= Sean McCoy =

American game designer

Sean McCoy is an American game designer, artist and writer.

His primary game works include Two Rooms and a Boom and the Mothership science fiction horror role-playing game (RPG) system. He also started the #Dungeon23. megadungeon writing challenge.

McCoy has written short horror fiction in print and online.

==Career==
McCoy co-developed (with Alan Gerding) the social deduction game Two Rooms and a Boom, which launched with a six-figure Kickstarter campaign in 2013, which shipped in 2015.

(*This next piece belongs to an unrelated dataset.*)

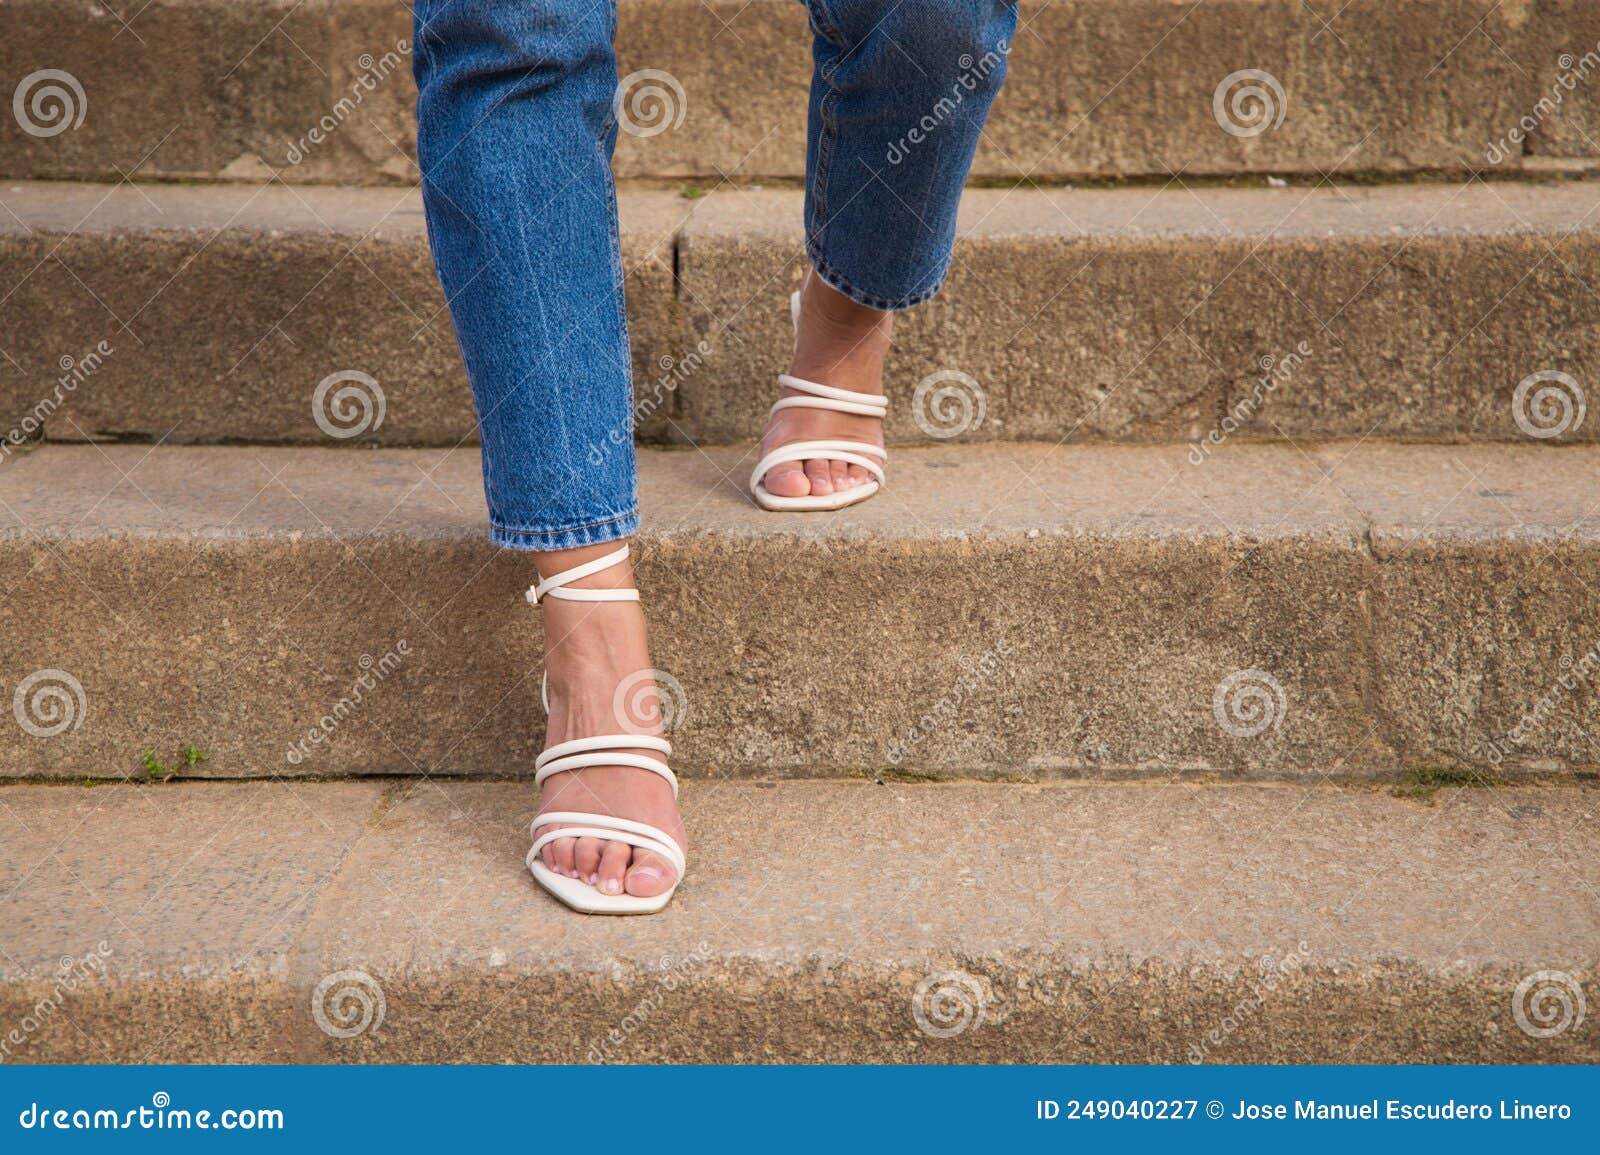 once agenda luces Mujer Caminando Por Las Escaleras Con Tacones Altos. Pueden Ver Sus Pies  Bajando Por Los Escalones Imagen de archivo - Imagen de brillante, paso:  249040227

McCoy wrote and illustrated the Mothership Player's Survival Guide, which was published in 2018. It won the 2019 ENNIE Award for Best Game. This version of Mothership was later renamed the "zeroth edition," or "0e." An updated Mothership Sci-Fi Horror RPG 1st Edition Boxed Set was launched in late 2021 with a seven-figure Kickstarter campaign, which shipped in early 2024.

McCoy has also written, edited, or illustrated a number of additional components of the Mothership RPG, including Dead Planet, which won the 2019 Silver ENNIE Award for Best Adventure. There is an active third-party supply of material for Mothership, and the Panic System mechanic developed for Mothership is now used by other RPGs.